We then drove around the eastern shore of the Sea of Galilee, having crossed the Jordan River at its point of entry to the lake. We were then at the base of the Golan Heights, an area that has seen much conflict and one which was taken by Israel from Syria in the 1967 Six Day War. This, a large section of Jordan west of the Jordan River (The West Bank) and the Gaza Strip were each brought into the State of Israel as a result of that short but one-sided war against Syria, Jordan and Egypt. The drive along the eastern shore, in this annexed region of the Golan Heights, was very attractive and the hills to the east and north were again very reminiscent of northern Italy. At first glance it appeared that the hillsides we could see were unoccupied but closer inspection revealed dozens of villages and towns, filled with new Israeli citizens!
At the southern end of the Sea of Galilee we crossed the Jordan River to the west and made our final stop for the day at the Baptism Site. This is a well-organized and commercial site that may or may not be the place where John the Baptist baptized Jesus. But it does sit on the western bank of the Jordan River, is close to Jericho and has been designated as such for those who wish to accept. When I mentioned to our guide that we had visited “the Baptism Site” on the other side of the river and further south in Jordan, he simply responded that no-one claimed this as the one true place. The site we had visited several years ago was not actually “in” the river, although not more than a few yards from the slowly flowing water. An early church had been built at that site in Jordan; no such “statement of authenticity” had been made here.

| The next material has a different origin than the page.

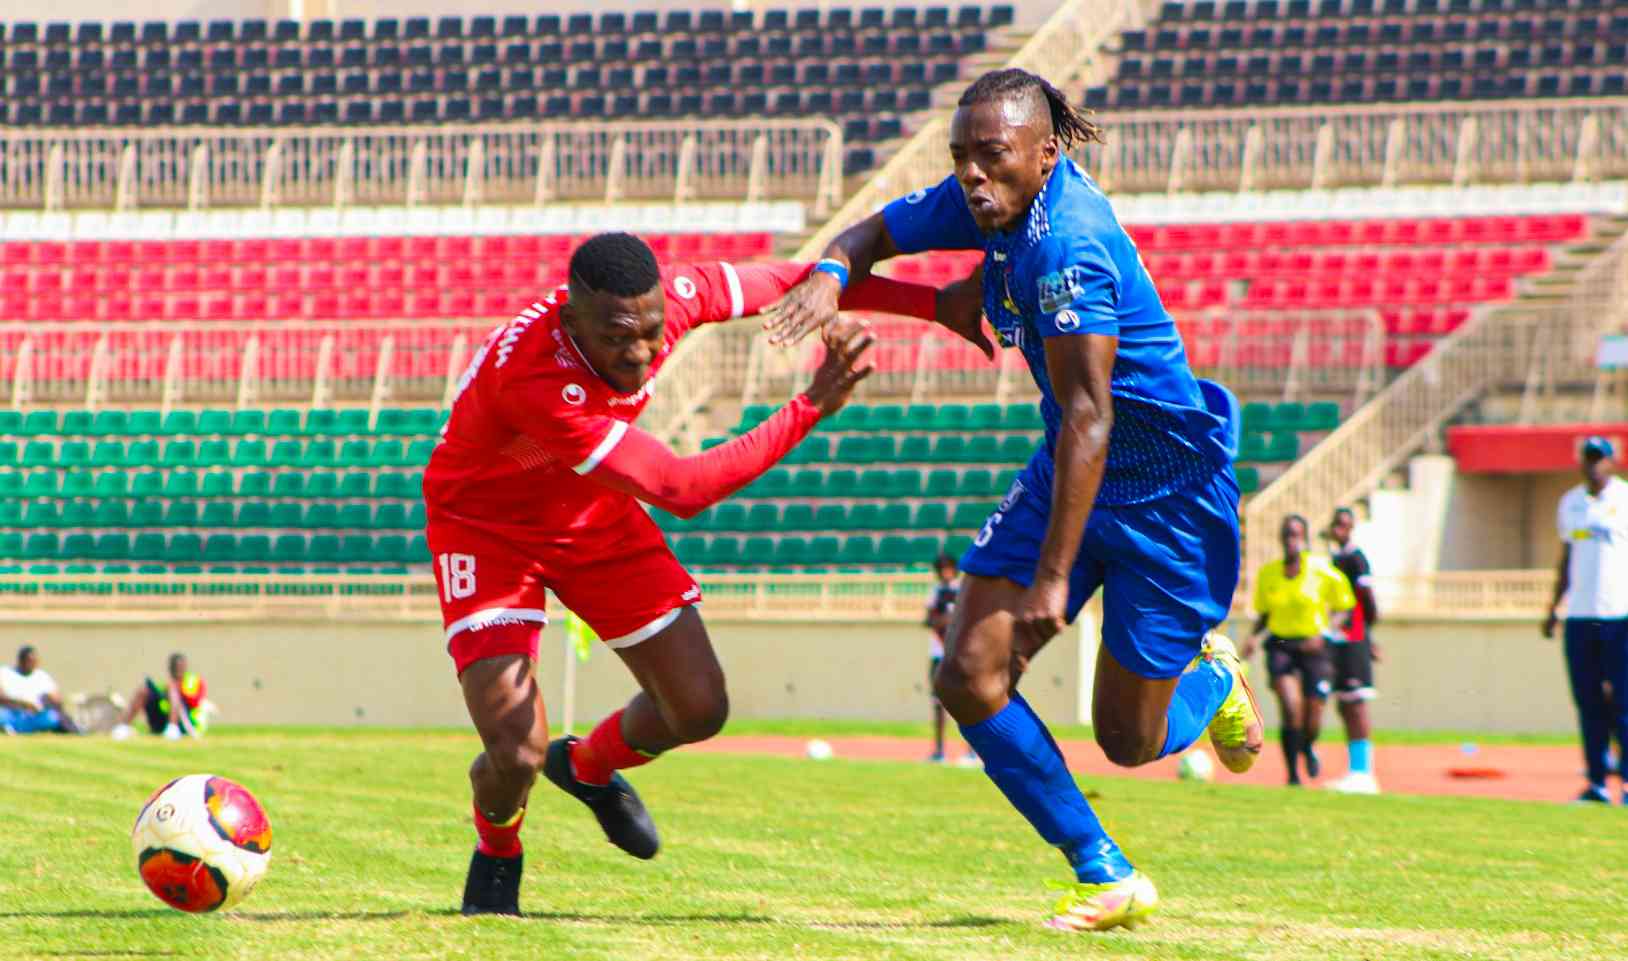 Kenya Police and Ulinzi Stars ‘Disciplined Forces Derby’ ends in draw again

However, this site in Israel was actually on the River Jordan and areas had been prepared and surrounded by railings so that those inclined could be baptized in safety and, with the aid of a robe available from the gift shop for $25, in relative modesty. Although there were a number of obvious church groups here and some may well have had ordained ministers to perform the ceremony, it would appear that immersion baptisms here were mostly self-imposed or performed by friends or family. It is not for those like us, who simply chose to watch, to challenge either the authenticity or its impact on those who actually participated.
Following this visit it was time to leave the hot valley (high temperature for the day was almost 100F) and take the two hour drive back to Tel Aviv. The climb out of the river valley was steep and had spectacular views of the River Jordan and the Sea of Galilee and much of the rest of the way was through the fertile plains and modest hills of Central Israel. We arrived back at the hotel almost exactly 12 hours after we had left, tired but so pleased that we had taken this tour “In the Footsteps of Jesus”.
This essentially ended our visit to the Holy Land as we used Thursday to simply relax and wind down after a hectic but moving eight days in this wonderful country. On Friday it was on to more familiar territory in England.